The clinical picture of manic-depressive psychosis
In manic-depressive psychosis, two opposite phases or episodes are distinguished: manic and depressive.
The episode of mania includes three main symptoms: increased mood, motor arousal, and mental arousal. In a manic episode, hyperactivity, loud laughter, talkativeness, active facial expressions and gestures, short sleep (not more than 4-5 hours per day) are noted. Despite a good appetite, there is a loss of body weight due to constant activity and movements, which requires high energy costs. Mental agitation is manifested by a reassessment of one’s abilities and role in society. As a result, the patient can impersonate a talented person in various fields (art, politics, business, etc.), to which he had not the slightest relationship before the illness.
In the phase of depression, the patient becomes lethargic, lethargic, with a depressed mood, lack of vital interest, deterioration of professional skills or even loss of capacity for work. Thinking processes become slow, reactions are inhibited, cognitive abilities decrease. Motor activity is significantly reduced, physical inactivity develops, more time is spent on the performance of previous tasks. Appetite disappears (leads to weight loss), drowsiness appears (especially in the daytime). A depressive episode is characterized by suspiciousness, constant anxiety, and indifference to surrounding events, including those that directly concern the patient himself. There are problems in the genital area (loss of libido, impotence in men, amenorrhea in women).
Sometimes, instead of an episode of mania in bipolar affective disorder, there may be an episode of hypomania, which manifests itself with the same symptoms, but with a moderate, less pronounced manifestation (increased mood, vigor, quick speech, moderately fast movements).

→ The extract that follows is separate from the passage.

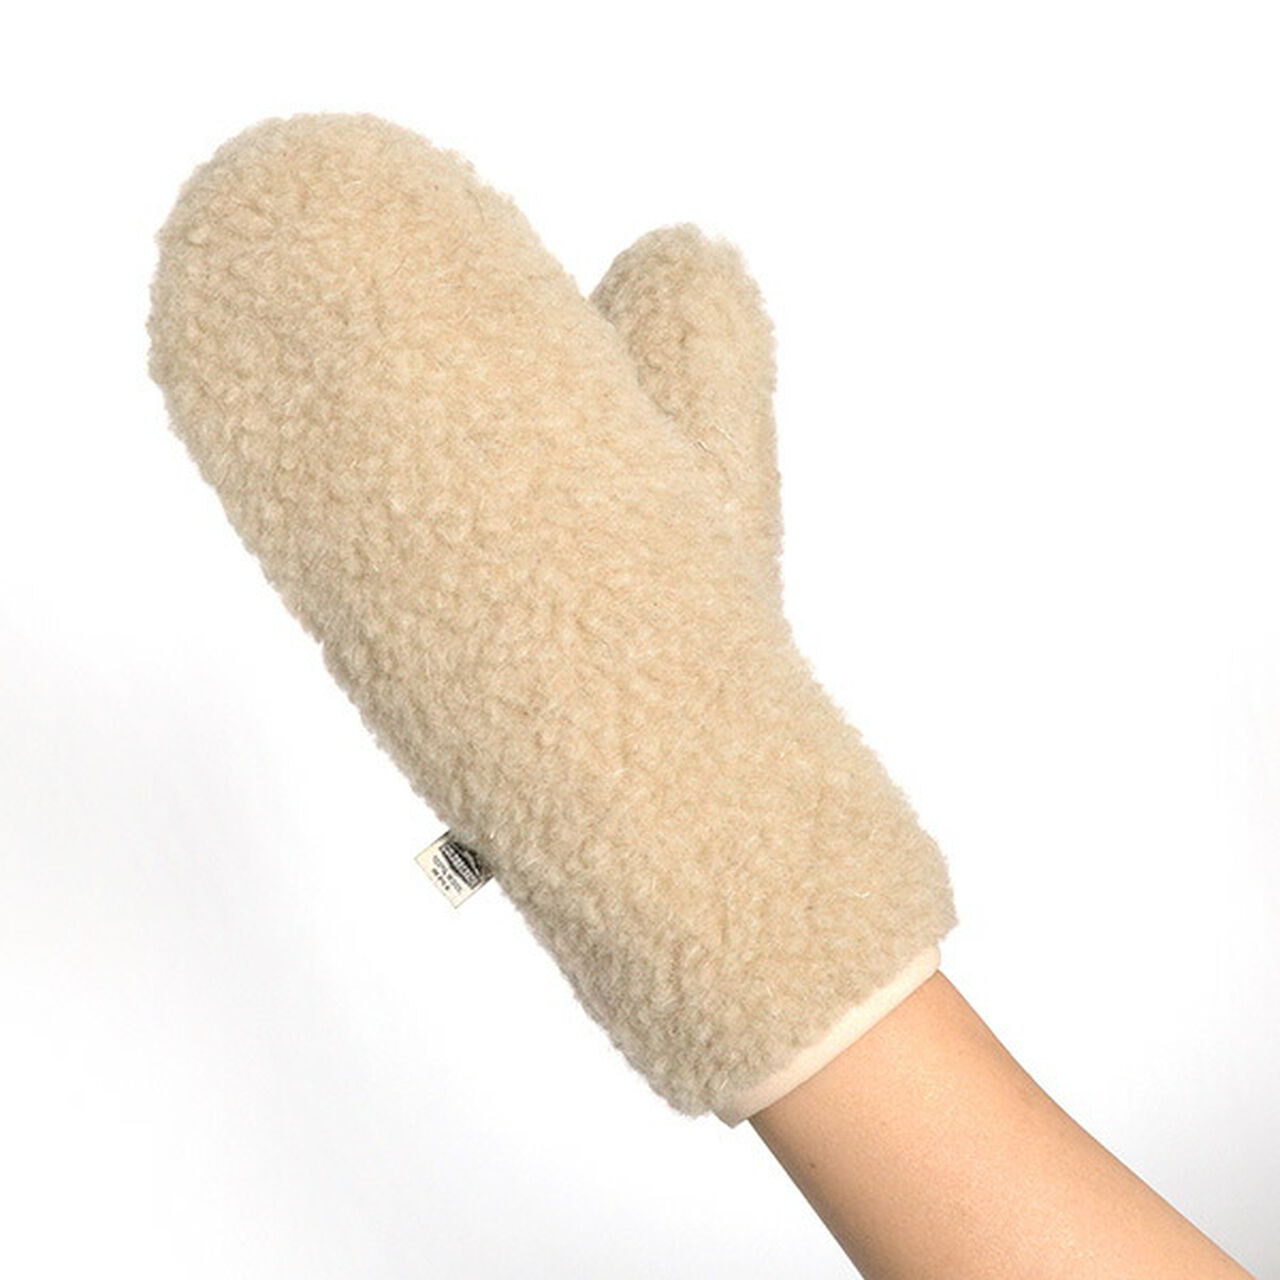 Boa Wool Gloves,Beige, large image number 0

The course of manic-depressive psychosis can have various options. Mania episodes are slightly shorter than episodes of depression. On average, 1-2 months and 3-7 months, respectively, but the timing can vary from two weeks to two years. Variation is also observed in the alternation of mania and depression: they can replace each other without "bright" intervals, with the presence of a "bright gap" between each phase or between a pair of "mania-depression". Sometimes the alternation of mania and depression is random, or one of the phases may be completely absent (only episodes of mania or only episodes of depression). In the latter case, differential diagnosis with recurrent depression is significantly more difficult.

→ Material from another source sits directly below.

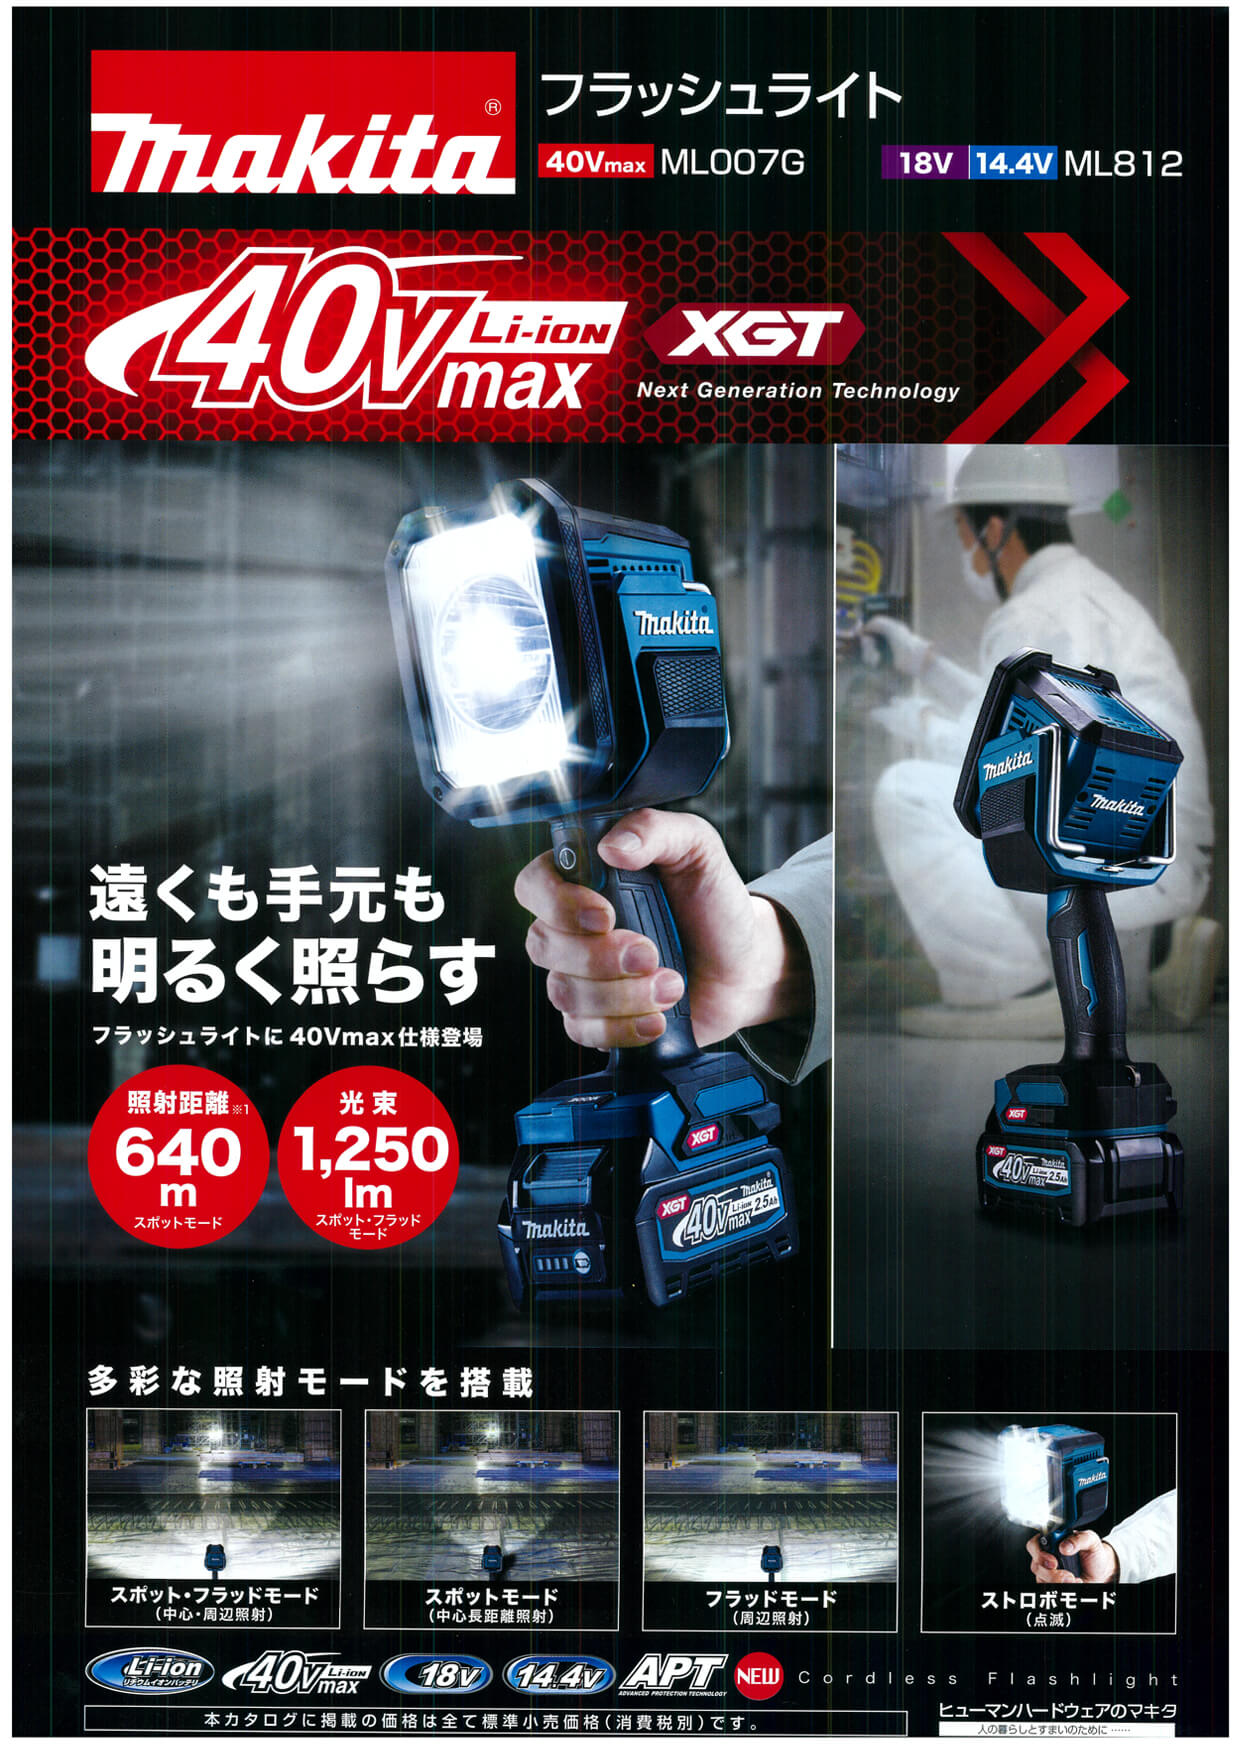 マキタ ML007G 40Vmax充電式フラッシュライト ウエダ金物【公式サイト】

Treatment of Bipolar Affective Disorders
Therapy of bipolar affective disorders is a very difficult task. At Clinic K + 31, highly qualified specialists with extensive experience in psychiatry deal with the treatment of manic-depressive psychoses. Given the severity of this mental disorder, after a diagnosis is established, non-drug methods (psychotherapy) are immediately combined with the appointment of several groups of drugs (psychopharmacology).

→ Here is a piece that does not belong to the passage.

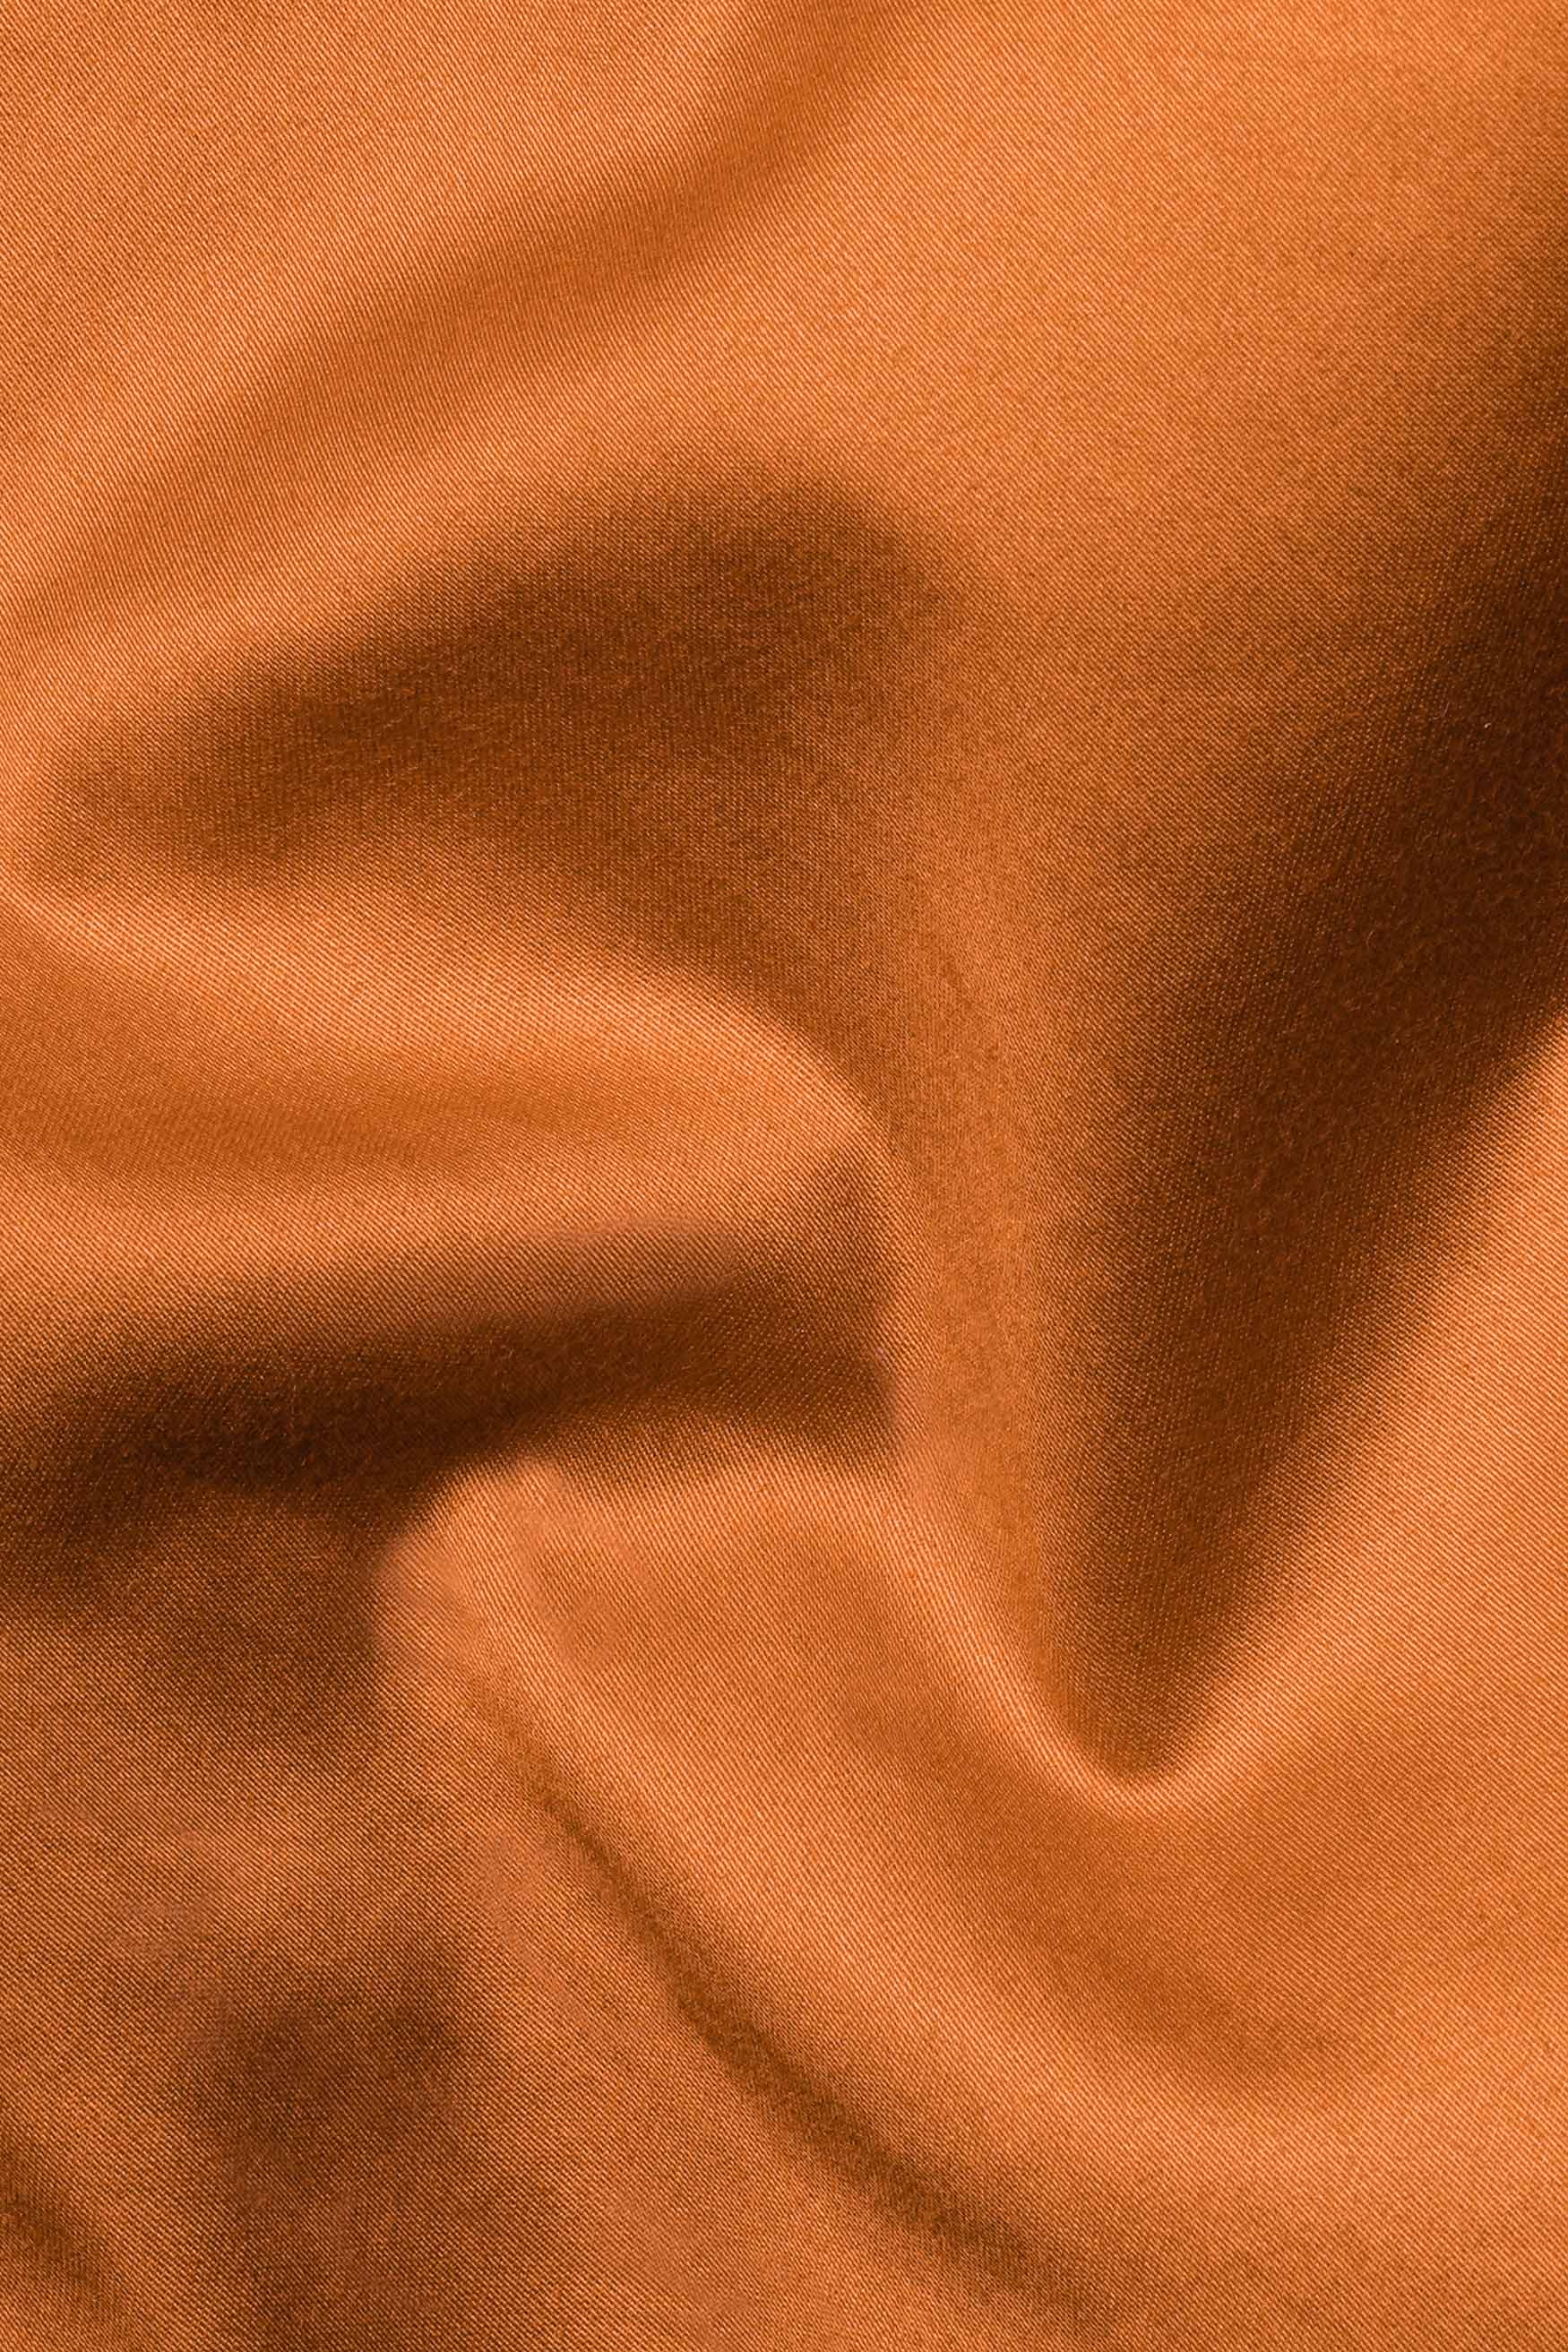 Raw Sienna Orange Subtle Sheen Super Soft Premium Cotton Tuxedo Shirt

The treatment of bipolar disorder should take into account the phase of the course of the disease (mania or depression), so patients are constantly monitored by a psychotherapist for timely adjustment of prescribed drugs. In the episode of depression, the key group is antidepressants, antipsychotics, lithium drugs and anticonvulsants remain in the background to prevent or ameliorate the episode of mania. When a manic episode returns, the treatment regimen changes with emphasis on normotics and antipsychotics.